Keywords: aggression, discovery of food, consumption, social foraging, game theory.
Resumen: El objetivo de este experimento fue describir la relación entre la emisión y recepción de respuestas agresivas y la ocurrencia de respuestas de descubrimiento y consumo de alimento en una situación de foraging social en la que se varió la distribución espacial del alimento. Grupos de palomas (n=5) fueron expuestos durante cinco sesiones a una tarima con 12 depósitos sellados, de los cuales 4 contuvieron alimento (útiles). Para el Grupo Proximal los depósitos útiles estuvieron espacialmente contiguos y para Grupo Distal estuvieron alejados. Los datos muestran que en cada grupo sólo un sujeto descubrió alimento consistentemente; que todos los integrantes consumieron alimento; que la emisión de respuestas agresivas fue superior en aquellos sujetos que tuvieron un menor consumo de alimento y que la recepción de respuestas agresivas fue mayor para sujetos que tuvieron un alto consumo de alimento. Los datos se analizaron a la luz de la propuesta del juego Halcón-Paloma descrito por Sirot (2000).

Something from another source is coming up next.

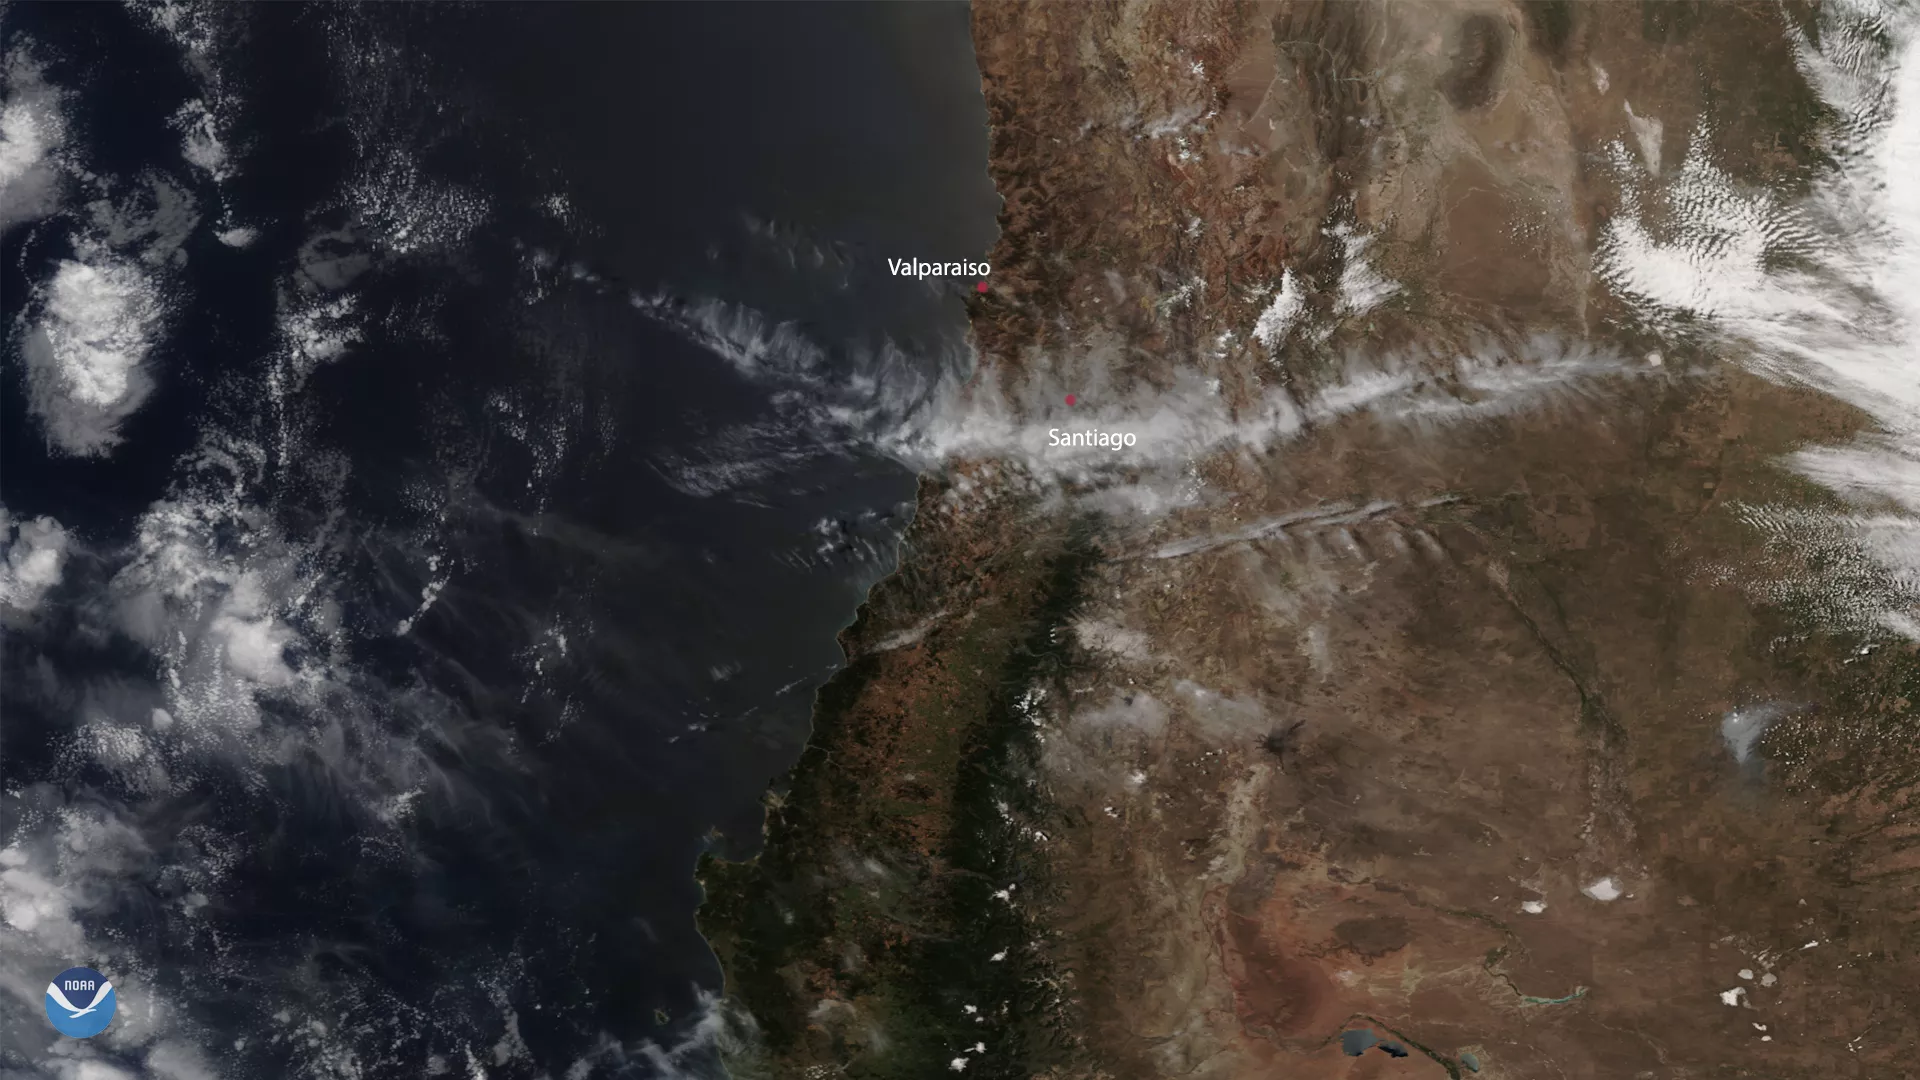 On Dec. 25, the NOAA-20 satellite captured the aftermath of the Valparaiso fires near Santiago, Chile.
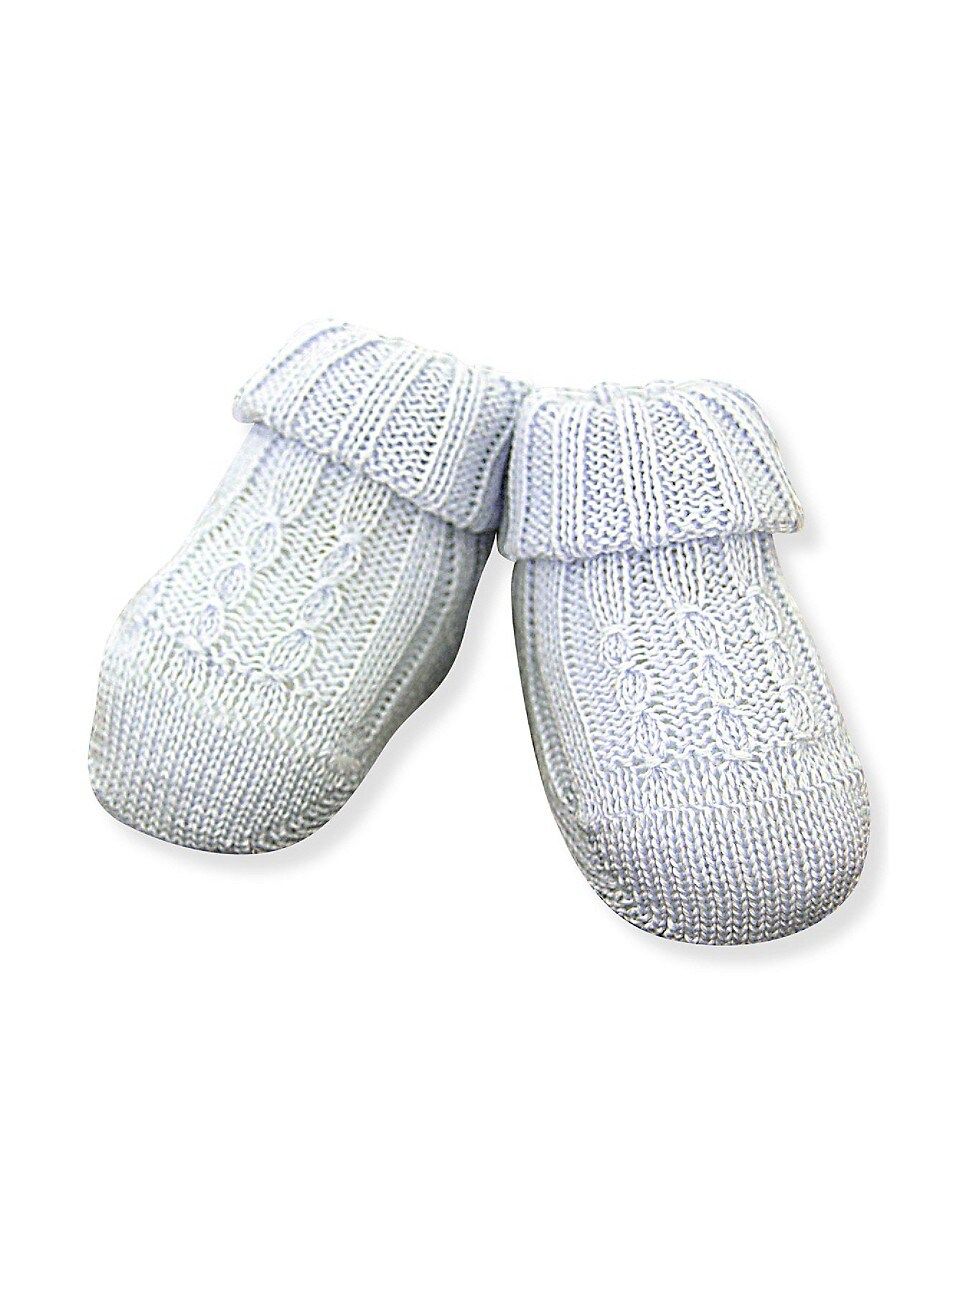 Baby's Cable-Knit Booties | Saks Fifth Avenue

Palabras clave: agresión, descubrimiento de alimento, consumo, foraging social, teoría de juegos.
Introduction
The term foraging refers to the response pattern (search, encounter, choice, manipulation and consumption) that organisms display to gain access to sources of food. In a foraging episode, organisms choose: a) when to start their search or pursuit for food; b) the sites where to look for food; c) which food to eat and which to avoid; d) which motor pattern to employ to have access to food and e) when to abandon a food site (Galef & Giraldeau, 2001). This foraging pattern can be performed by either a single organism or it can be developed jointly by a group of organisms. The latter is called social foraging.
From the perspective of game theory (Maynard-Smith, 1982) it has been suggested that in social-foraging situations the members of a group can be seen as players that may exhibit one of two strategies to gain access to food. One is producing, whereby an organism searches for food, finds it, emit the response that allows its access, and then eats /consumes it. The other is scrounging: an organism consumes the food found by another member of the group (Barnard & Sibly, 1981). Hence, a social foraging episode is conceptualized as a game in which a member can play as a producer or scrounger. These roles can be exchanged within the group according to variables such as the number of members in the group and the abundance of resources, among others. Subjects that play the role of producers recover part of the energy they invested in searching for and obtaining food when they consume it whereas scroungers obtain energy when they consume the food for which the producers have worked. In this way, playing the role of a parasite gives the subject a greater benefit when scroungers are scarce in a group, but a high proportion of scroungers results in a minimum consumption per capita among the members and this leads some subjects to start playing the role of producers. Thereby, the labels of producers and scroungers in a group depend on the frequency with which both strategies are adopted and the benefits obtained by all members into group (Barnard & Sibly, 1981; Dubois, Morand-Ferron & Giraldeau, 2010). Hirsh (2011) reported a similar pattern in groups of ring-tailed coatis.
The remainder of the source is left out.